EXERCISE →
An image-free reproduction of the data below is needed: print it exactly.
[SUPPLIED MATERIAL Boundary: Start]
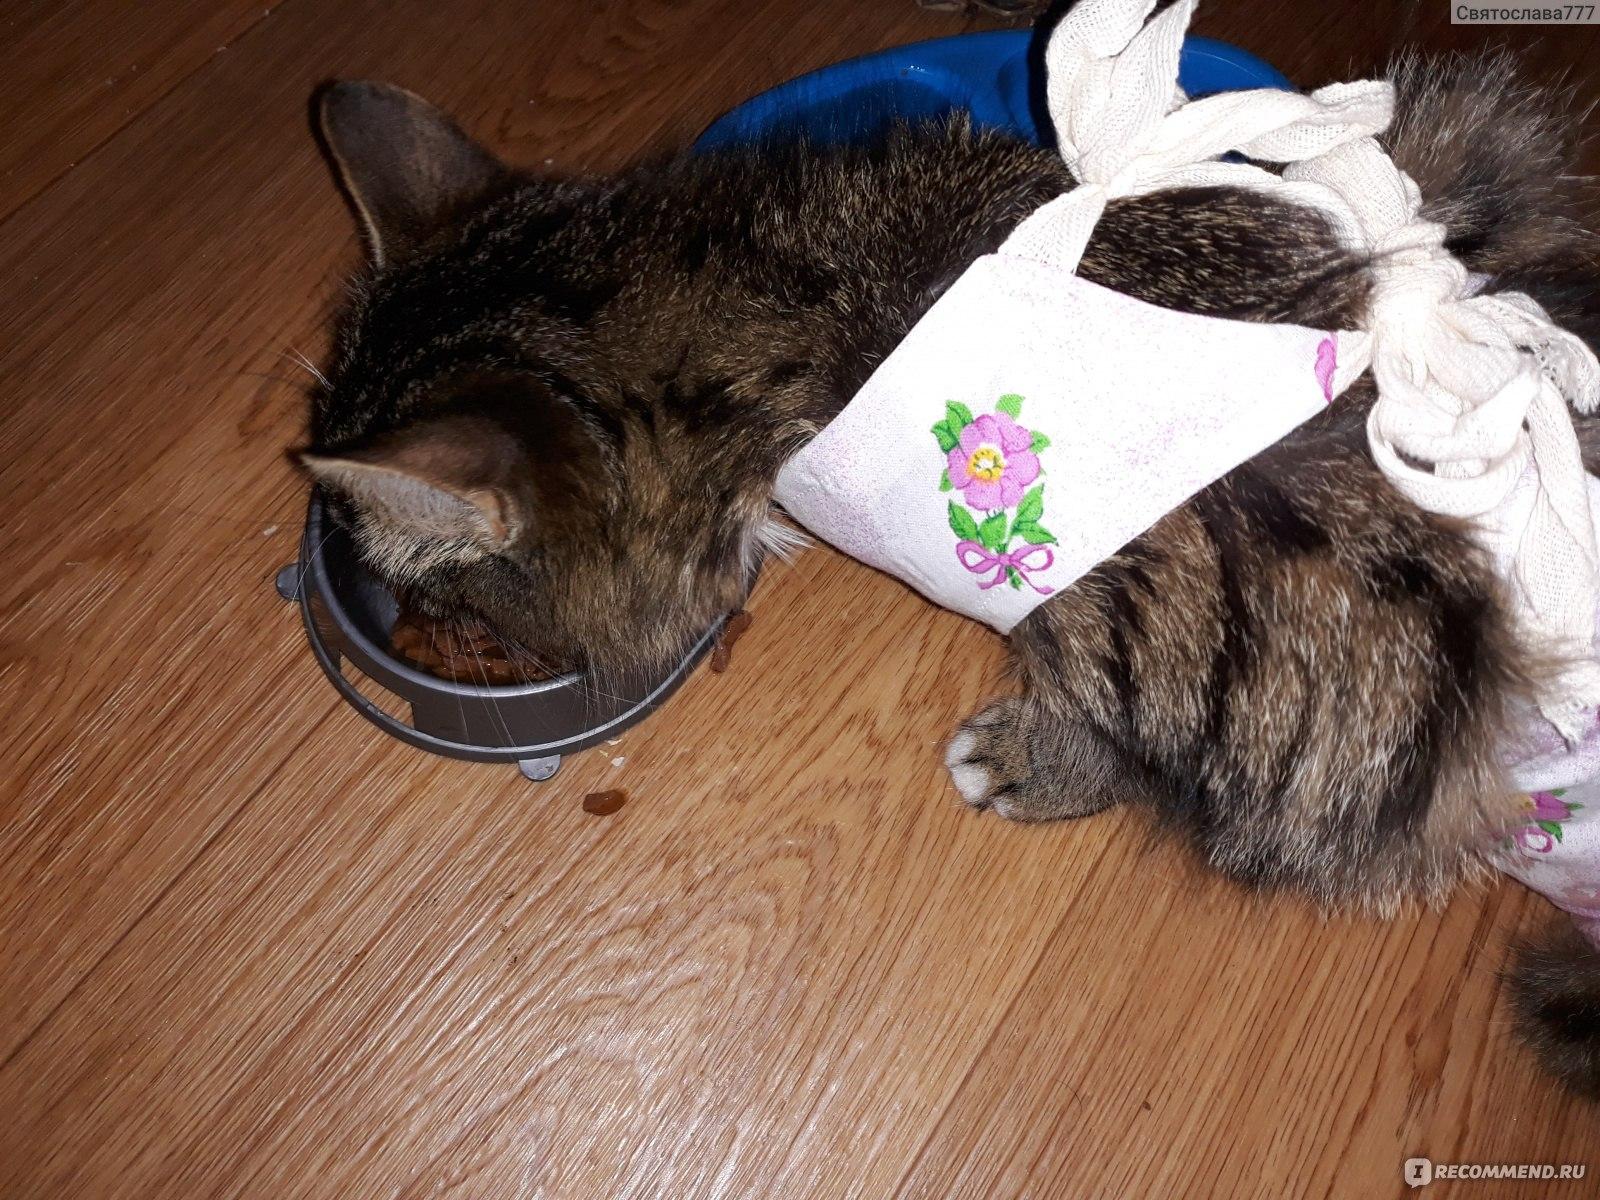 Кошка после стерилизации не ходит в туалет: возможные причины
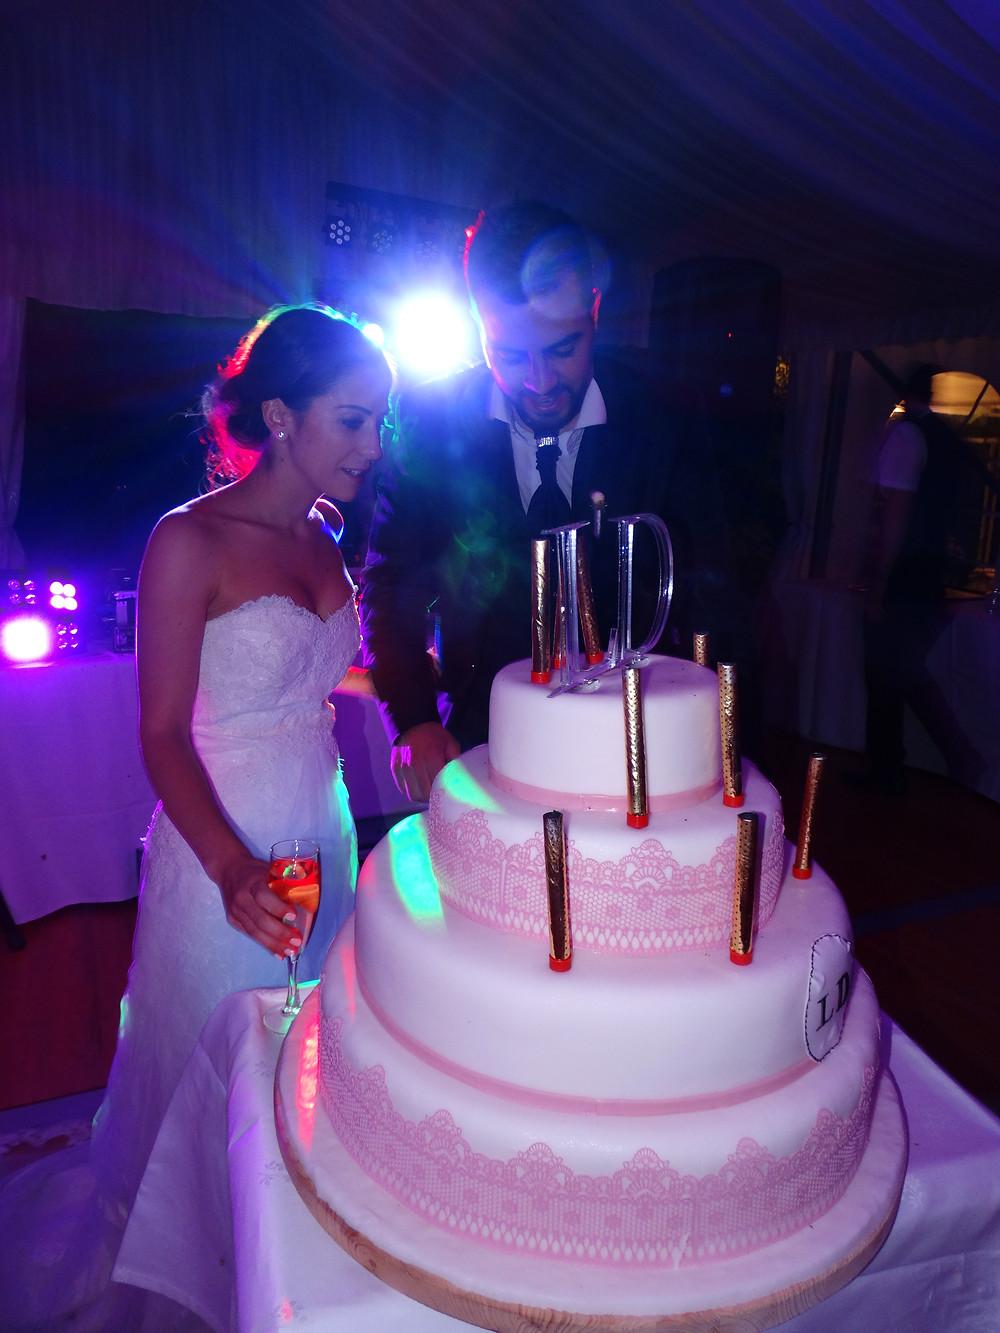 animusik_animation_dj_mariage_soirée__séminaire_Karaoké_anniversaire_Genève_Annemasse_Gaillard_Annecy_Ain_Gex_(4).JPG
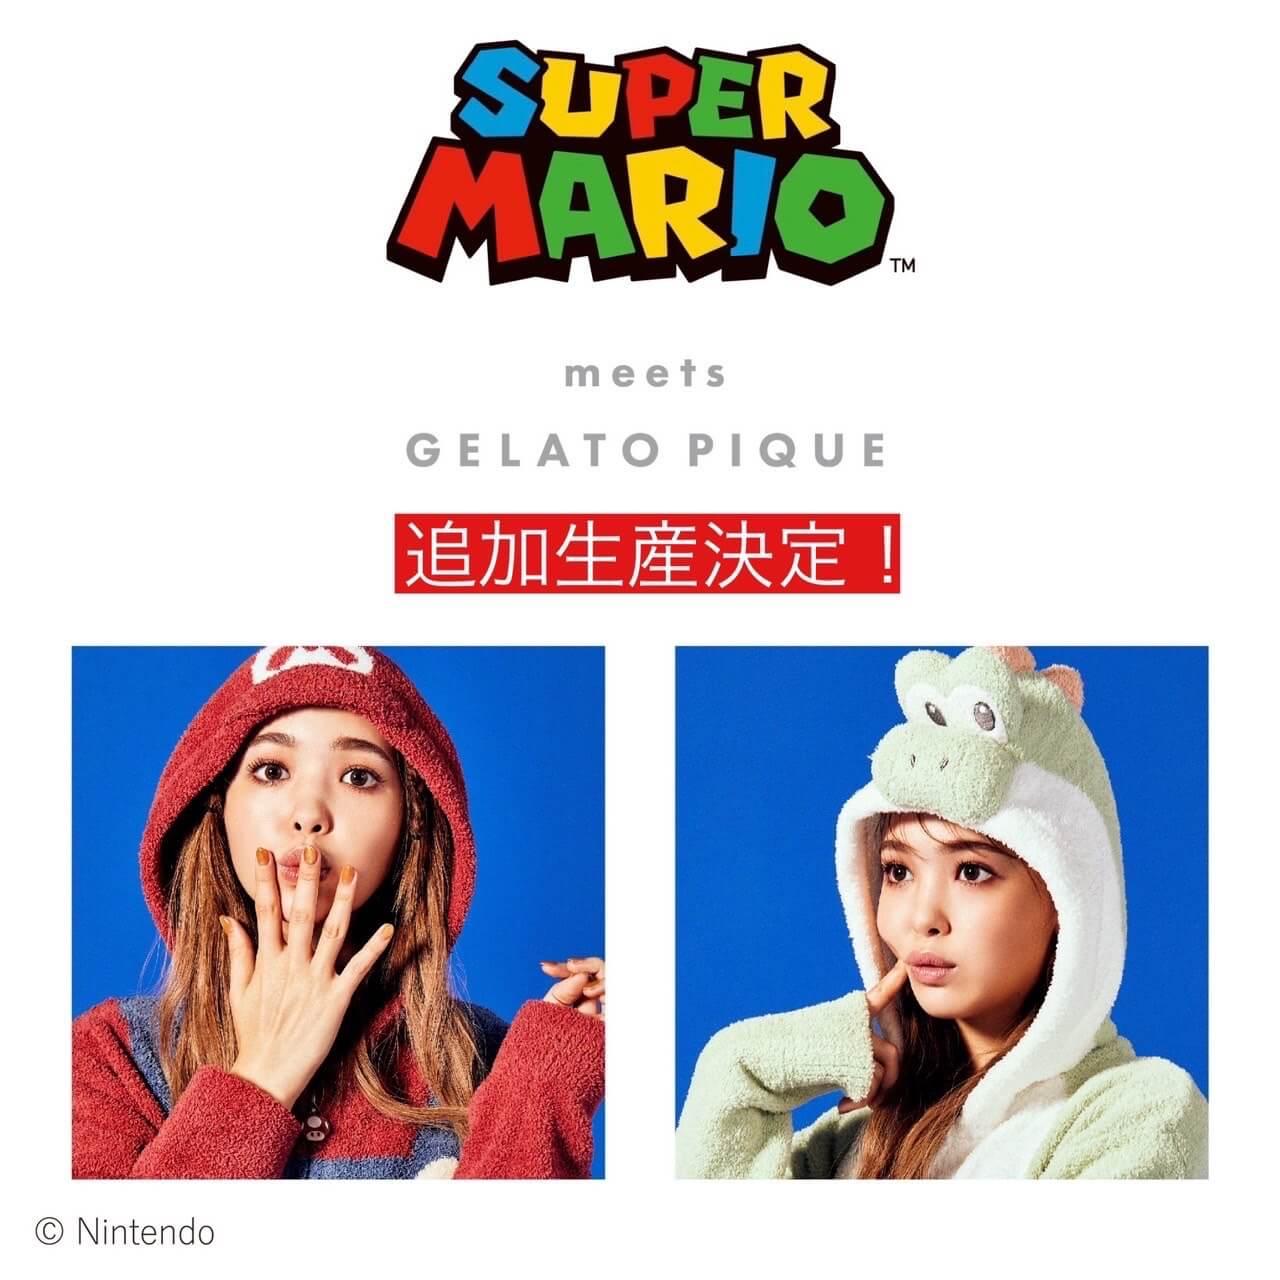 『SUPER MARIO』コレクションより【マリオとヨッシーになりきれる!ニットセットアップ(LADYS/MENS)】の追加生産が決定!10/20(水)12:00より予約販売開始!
[SUPPLIED MATERIAL Boundary: End]
REPLY →
 Кошка после стерилизации не ходит в туалет: возможные причины
 animusik_animation_dj_mariage_soirée__séminaire_Karaoké_anniversaire_Genève_Annemasse_Gaillard_Annecy_Ain_Gex_(4).JPG
 『SUPER MARIO』コレクションより【マリオとヨッシーになりきれる!ニットセットアップ(LADYS/MENS)】の追加生産が決定!10/20(水)12:00より予約販売開始!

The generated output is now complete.